There are a lot of creative people that beat themselves up when they skip a day. If you scour the internet like I do, you probably see quite a bit of people swearing you should be doing it every day or else... Or else, what? You dissolve into futility and forget everything? You lose all ability to call yourself serious about your craft? You'll never go back to it again?

You've probably heard this too. 10,000 hours is required for mastery of anything. That's probably true to some degree, although I believe skill levels aren't something you can measure quite so neatly. Artists of all kinds are the sort to journey towards what they want out of it and 'perfection' isn't necessary to accomplish satisfaction or success. We all want to log those hours, but working overtime doesn't always offer you the quality of maximizing the effort of your discipline. Balance is just as important.
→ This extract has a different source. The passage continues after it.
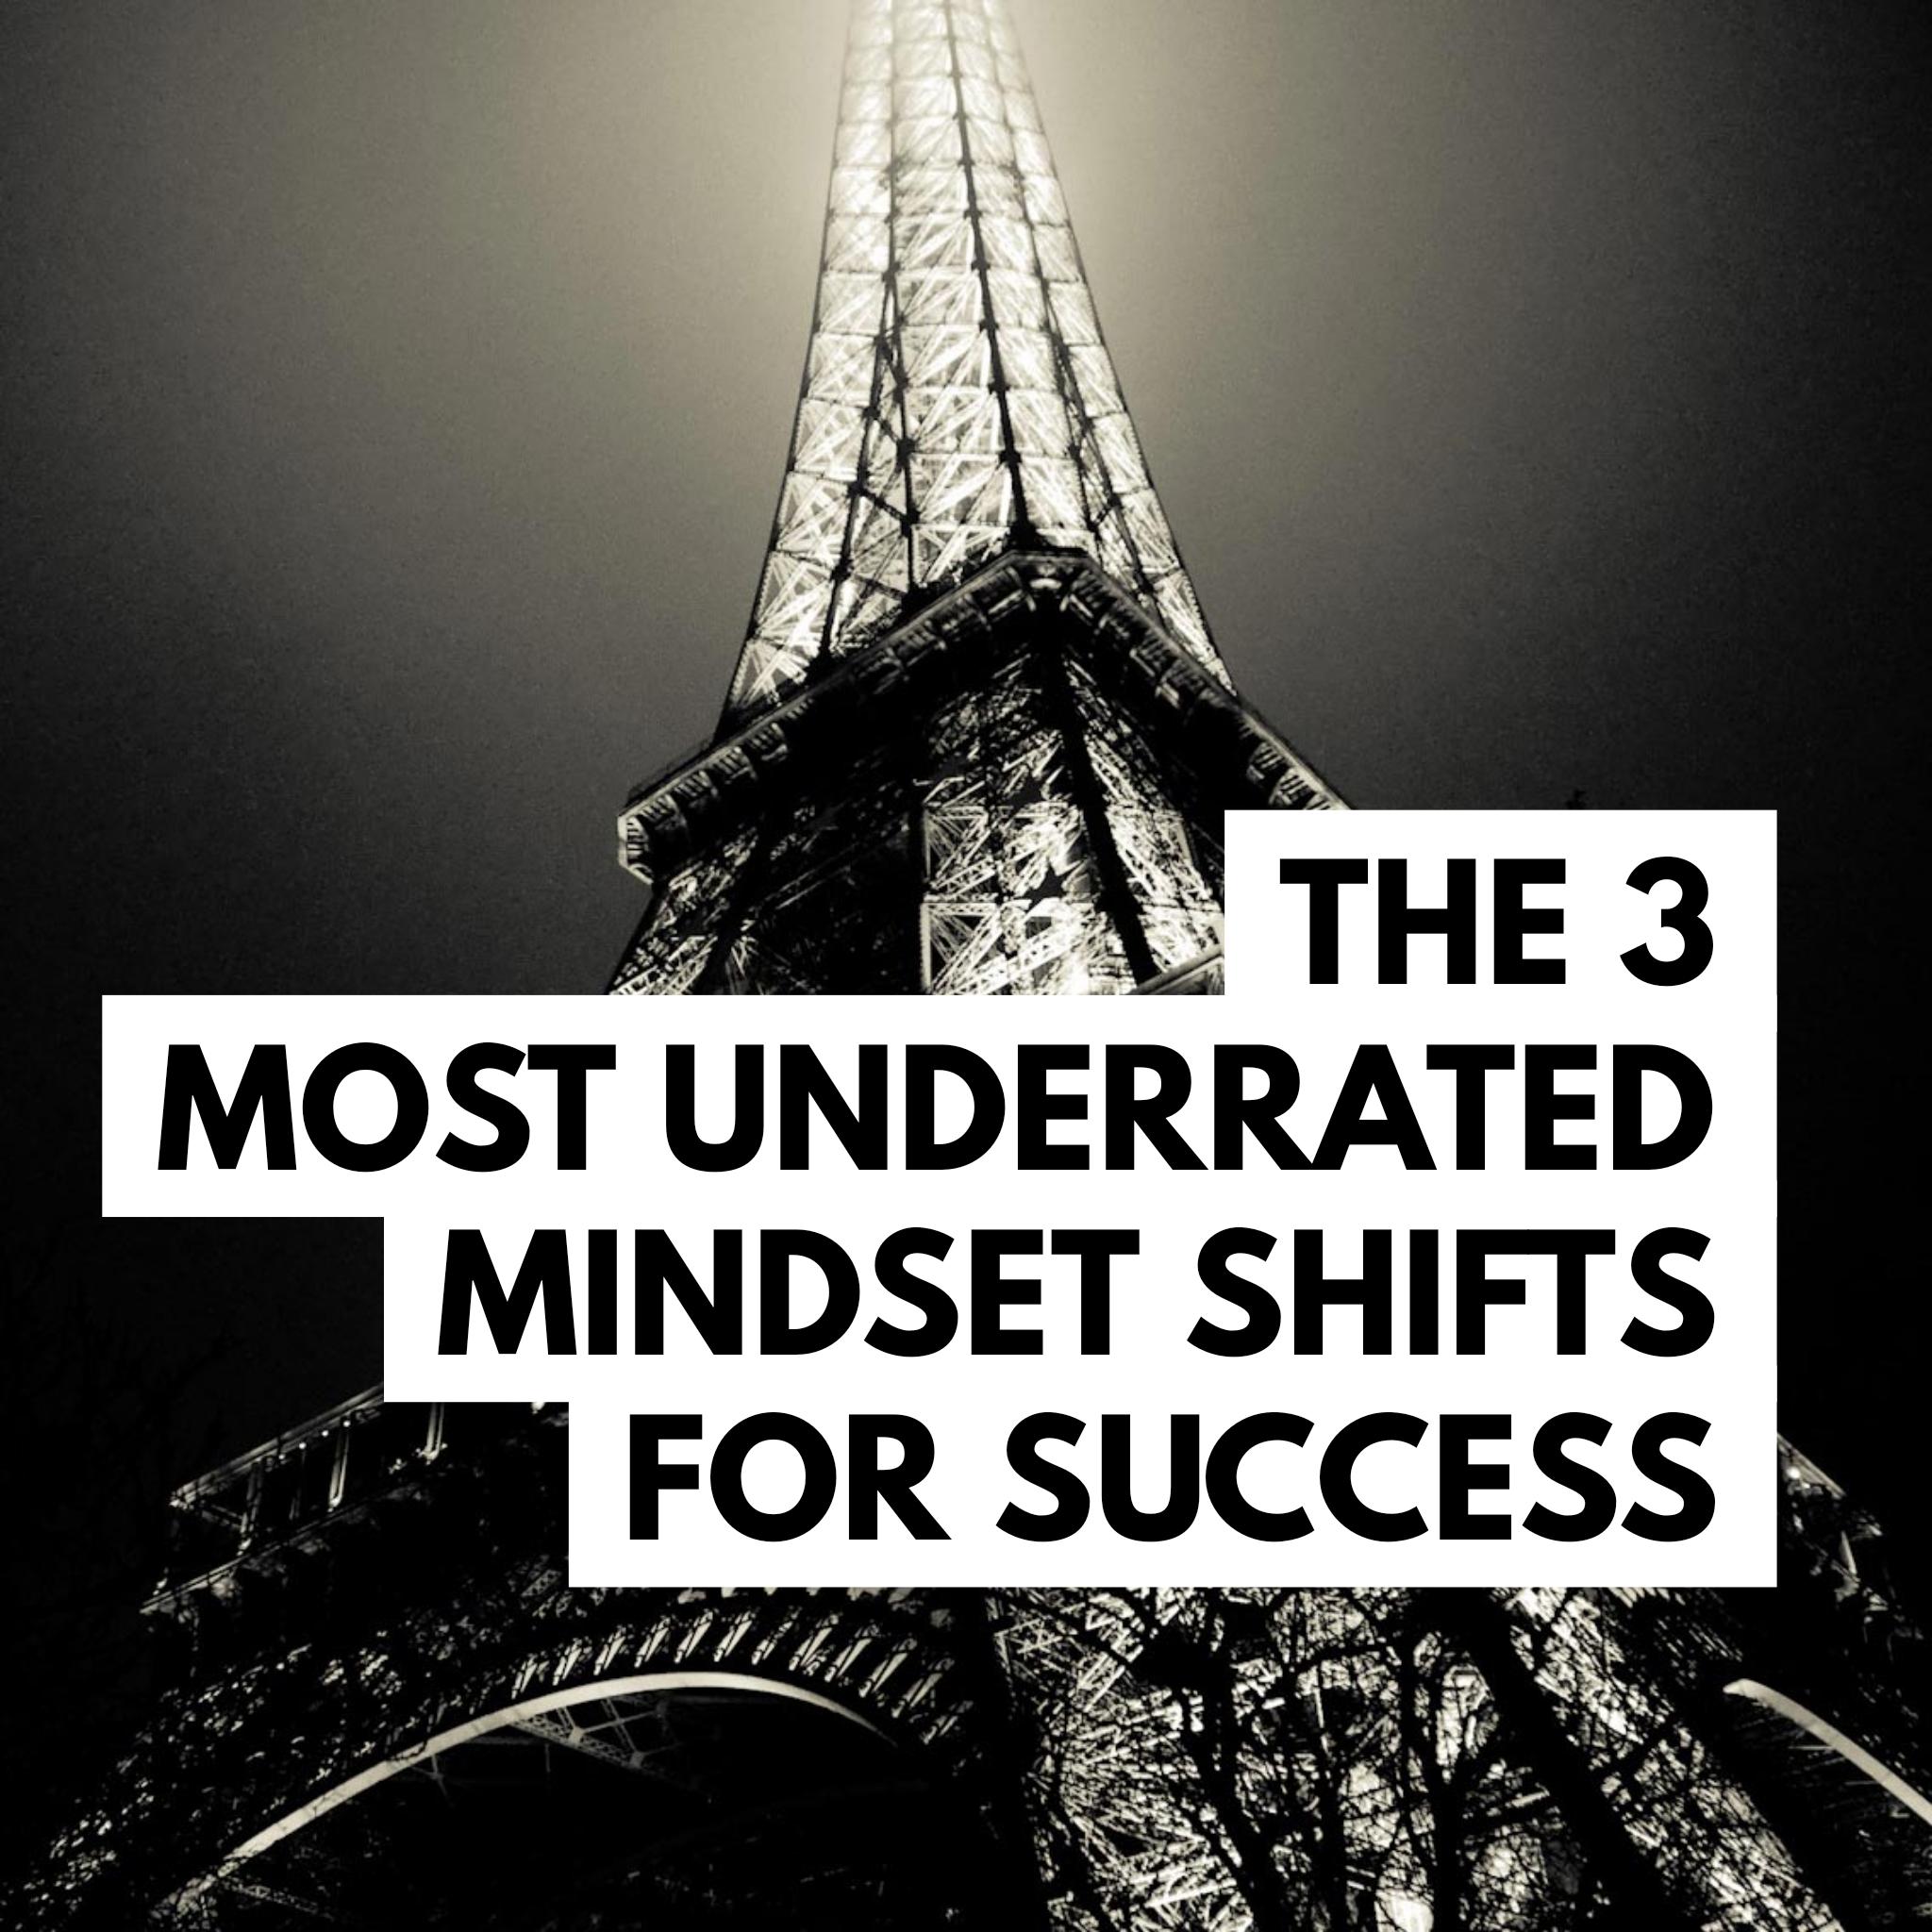 mindset_shifts_for_success_blog.png

Sometimes the most amazing milestones crop up in your quest when you're not even doing the thing you're struggling to master. I woke up from a nap today with this web comic idea roaring through my head and scrambled to put it to paper before the vivid sleep-addled ideas faded away. When I went down to make coffee, I had another laugh-out-loud idea for a two panel short. I wasn't drawing, I wasn't writing. In fact, I'm often finding these revelations about my ideas when I'm not obsessed with trying to.

I didn't leap into it right away either. Today, life hit me with the realization that I hadn't made anything for my nephew's birthday. I'm one of those people that will always make handmade gifts. I didn't stop at making one for him but I also made a gift for my friend's daughter who shares his birthday. I wasn't lamenting that I wasn't working on these burning ideas. Instead, the problem solving of designing gifts was unlocking the ideas with more clarity, refining with more care than jumping in would have allowed.

Of course, there are always those days where muses won't wait. Now or never. Still, it's an unreasonable expectation to tell yourself that creative slavery is the only thing you can do to assuage the guilt. Just as you refine your craft, sometimes you need to refine the way you view the value of your time and other priorities. Sometimes jumping right in is the equivalence of a sugar high. You charge in full speed and once that inspiration is satisfied, you end up in a mute state of horror that you are completely out of steam.

There is no one way to ride the waves. Sometimes we overwork for the simple fear that the opportunity will pass. Yet, like love, I think that distance can create a yearning, the sort that turns the heat of lust into the stuff that romance is made of.

If you've been keeping up, I like to tackle my work from many different angles: methods, expectations, moods, balancing priorities. There's no reason you have to entirely sacrifice something you love or panic when it can't come first. It's there, waiting. Take measures to record your thoughts when you can only spare moments. Even when I was working as a cashier, I kept a notebook handy to jot down thoughts or scribble out pictures. 

You won't always get to dedicate all of the time to your craft that you think you need to or just really want to. See those as opportunities to let your brain off the leash and see where things go. Court your thoughts a bit but don't spook your brain into paralysis. There is a reason so many artists are drawn to activities like yoga, meditation, or playing mindless card games. Excessive stress and demand can work against you. Always sacrificing sleep will catch up with you. It can be incredibly healing to do something monotonous or repetitive to help clear away the junk. You're not going to empty your brain, but you will gain the ability to attain some guilt-free breaks that do far more for helping you progress than cracking the whip.